As far as position specific strategies, that means lay offs, something the city has already done this year.

Matheson said that in March four positions were eliminated and one other was reduced to half time because “that’s when it became clear our permit revenue was tanking … commercial, residential, land use, business license fees (were disappearing).”

The budget proposes eliminating five more positions, including that of the economic development manager, a job that was added little more than a year and has been paid for by the utility tax that has been in place since early 2008.

“We’ve focused the reductions in specific departments where revenue and workload is down,” Matheson said. “The proposed budget protects our core services like public safety and infrastructure maintenance.”

One area that takes a significant hit in this budget proposal, Matheson explained, is the capital investment fund.

“It eliminates all transfers to the (capital improvement program) by 2011,” he said. “What that means is that if the city wants to achieve its dreams of building roads, building parks, building a town center, we’re going to have to rely more on federal and state grants and earmarks and voter approved bonds that are backed by guaranteed revenue sources.”

Matheson said the budget proposal also recommends the Council consider adopting a $20 vehicle license fee, which the city is allowed to do without a public vote through the creation of a transportation business district, which “other than recommending we look at a vehicle license fee because the 2010 budget doesn’t assume one, I just lay out to the Council what their revenue options are if they want to avoid any of the reductions.”

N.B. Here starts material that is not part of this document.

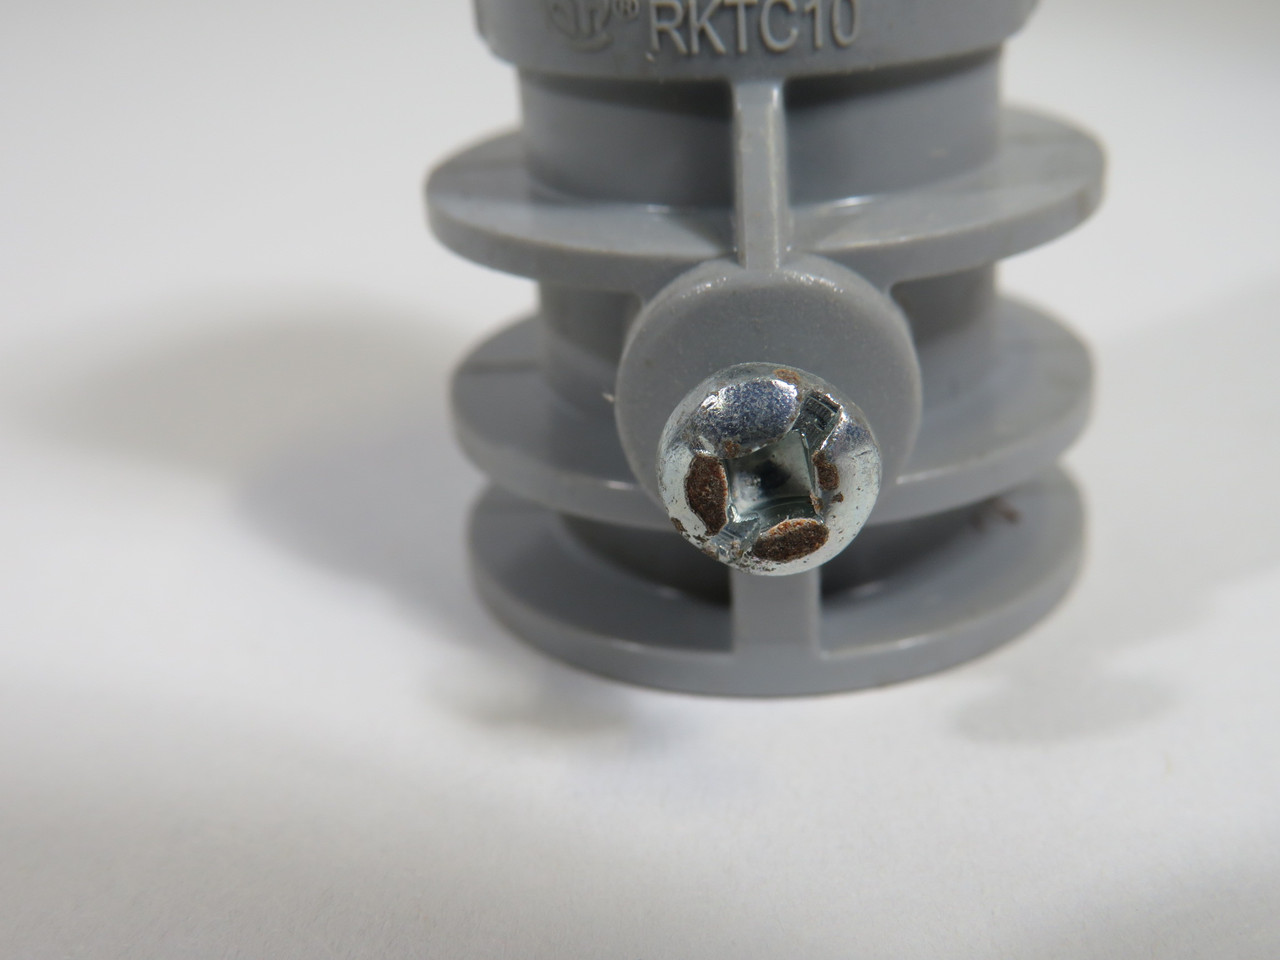 Royal RKTC10 ENT to EMT Set Screw Adapter 1/2" Box of 62 SHELF WEAR ! NEW !
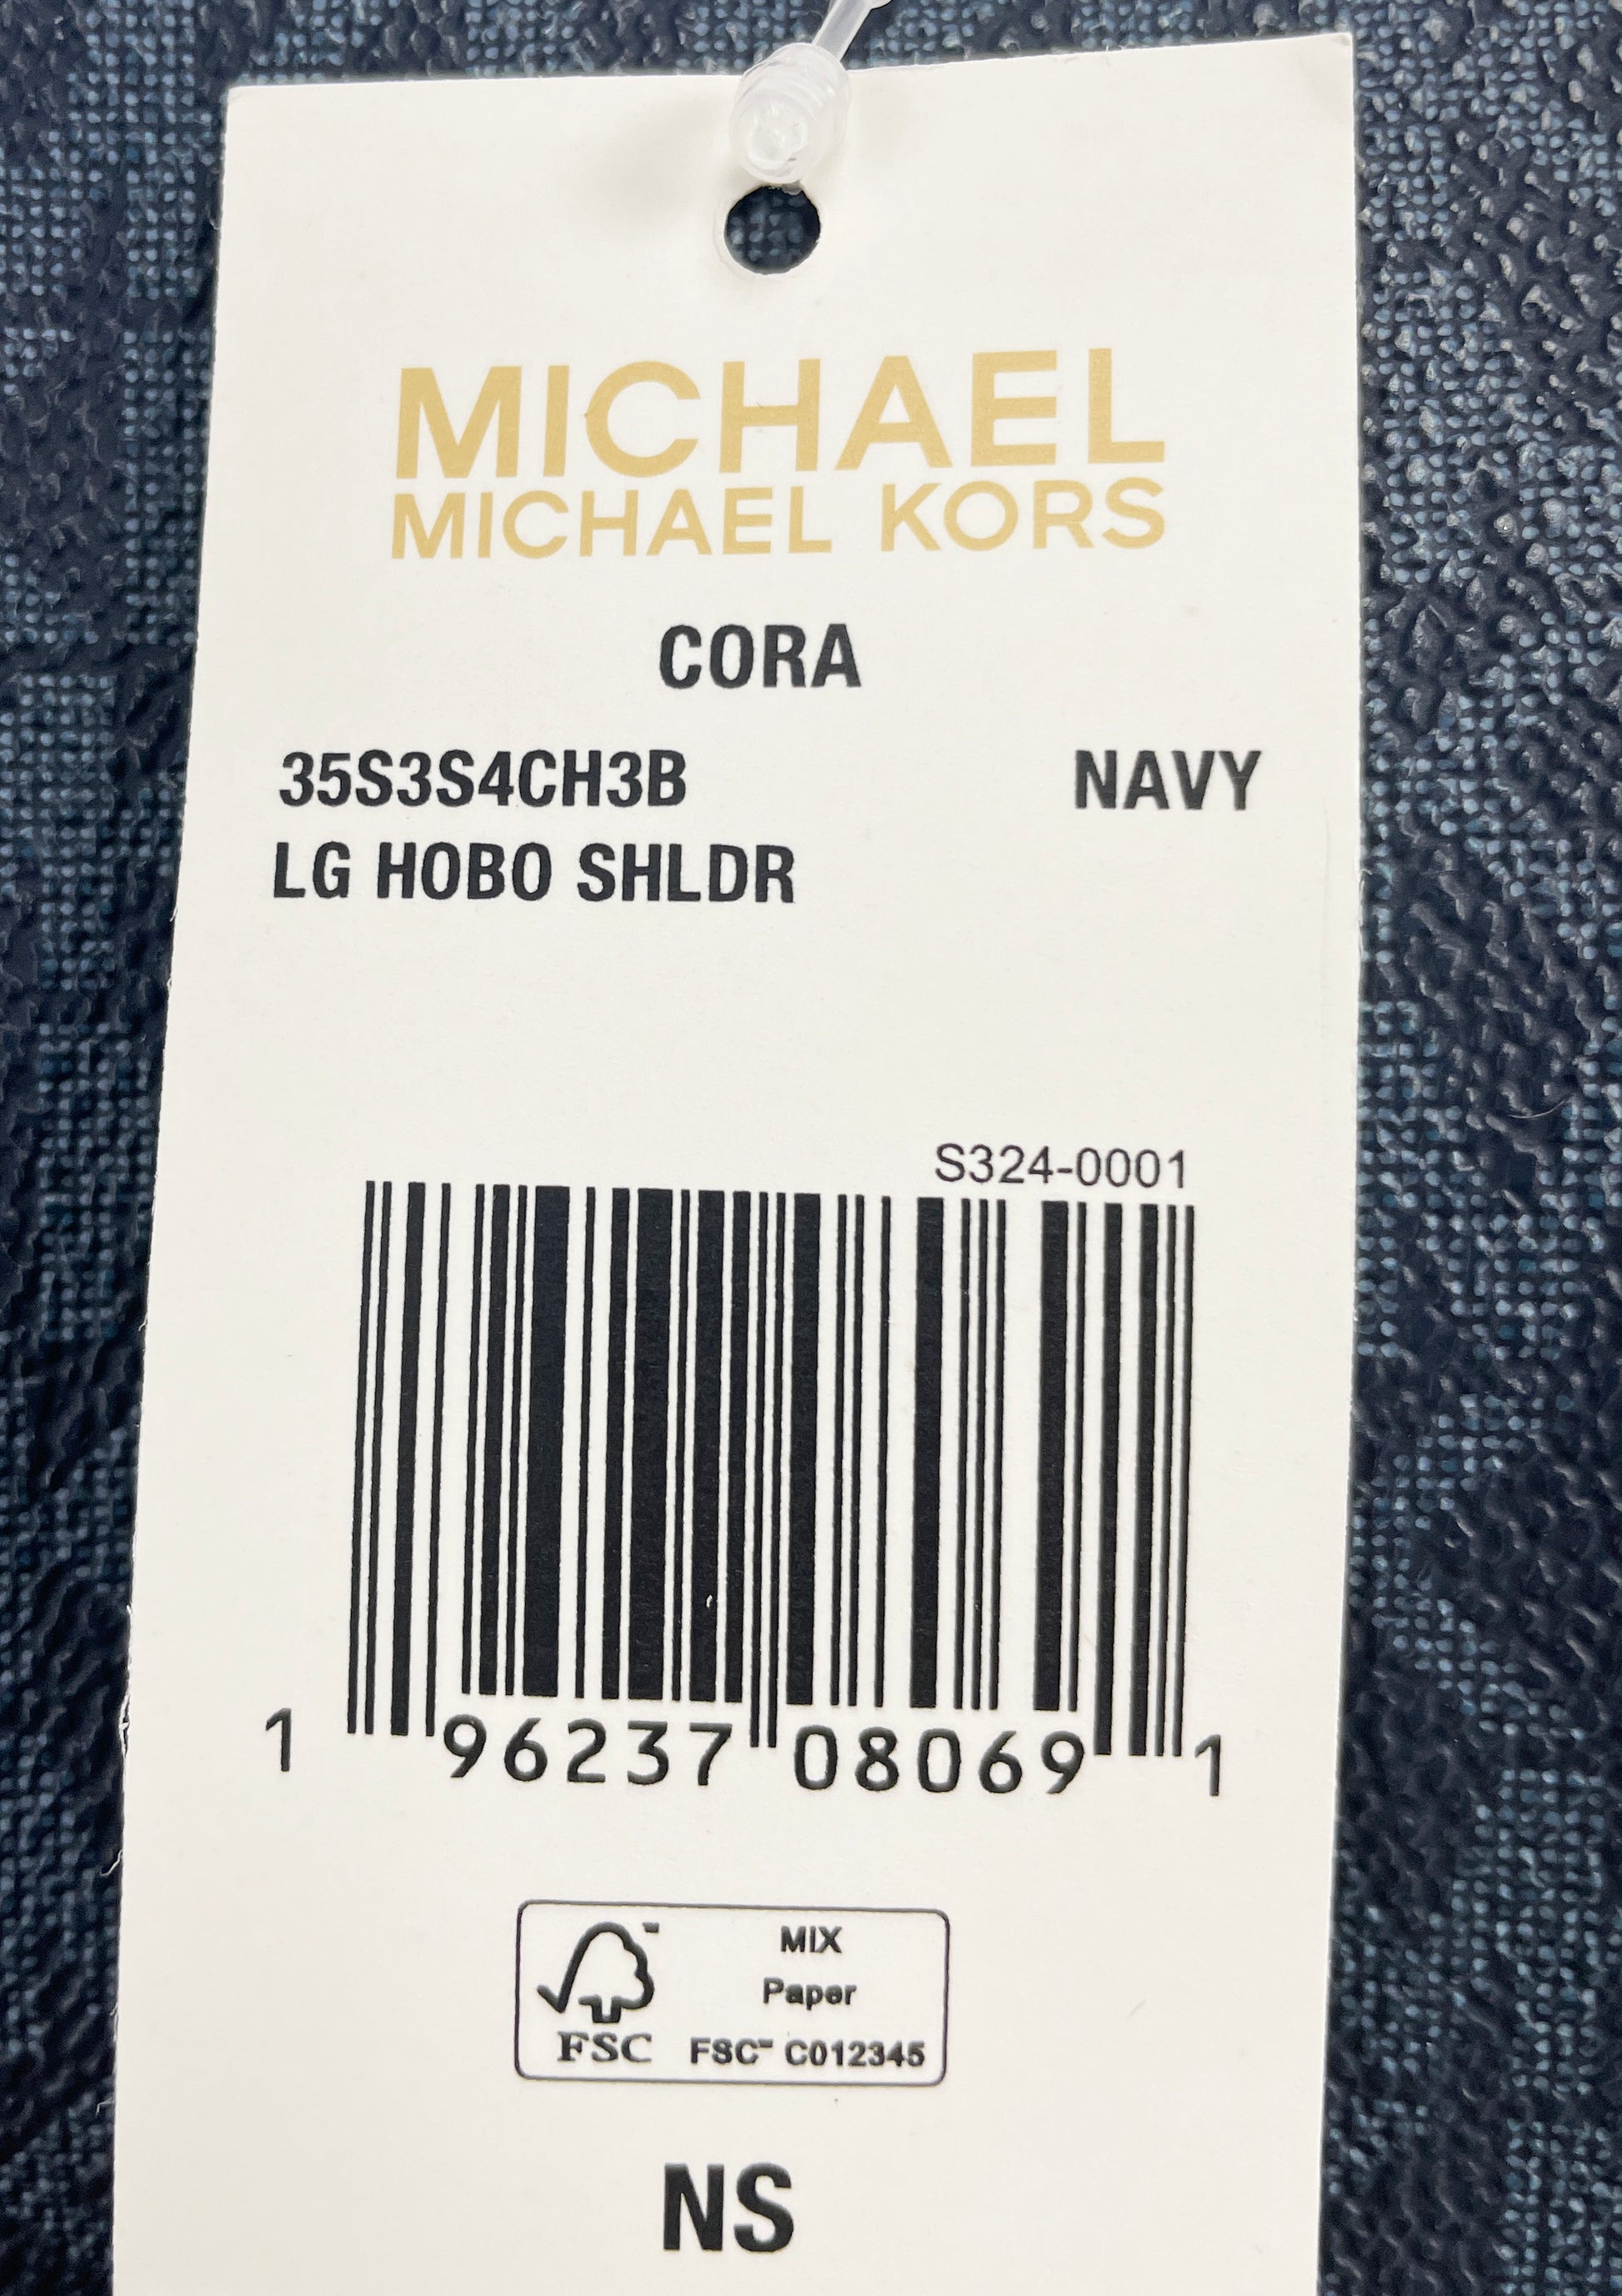 Michael Kors Cora Large Navy Crossbody Bag

There are some other options for generating revenue due to banked taxing capacity in property and utility taxes but it could be difficult to ask the council to tax residents more when they, too, have been hurt by the recession.

And yet, there could be still more bad news, Matheson said.

“We can’t talk about the budget without talking about Initiative 1033,” he said. “If it passes, it won’t affect us in 2010, but it will start to affect us in 2011.”

Hendrickson described I-1033 as “the vulture that’s hovering over this whole forecast.”

“Without 1033, the general fund does OK and we’re still able to pay our debt service,” Hendrickson said. “If 1033 passes, we don’t anticipate being able to pay our debt service because we don’t anticipate REET going up for the next four or five years. It just blows up our debt service fund.”

If the Tim Eyman sponsored initiative which would limit general fund revenue, as Matheson explained it, to growth by population plus inflation for Covington “that would be about zero percent right now.”

“The positive is if 1033 does not pass, I think we’ll be OK letting the economy recover on its own,” Hendrickson said. “We’ll be able to support the core services and move forward without any drastic strategies. If 1033 passes, we’ll have to develop a whole new strategy in how to work with that. Without (the vehicle license fee) the street fund is in tough straights and that’s going to be a big hit to maintenance.”

The City Council will have time to consider the proposed budget and will pass a final budget by the end of the year.

Hendrickson said the council members are well aware of the city’s challenges, thanks to Matheson’s leadership, but it’s still not easy.

“I’ve been in this business a long time and this is about the toughest budget I’ve ever seen,” Hendrickson said.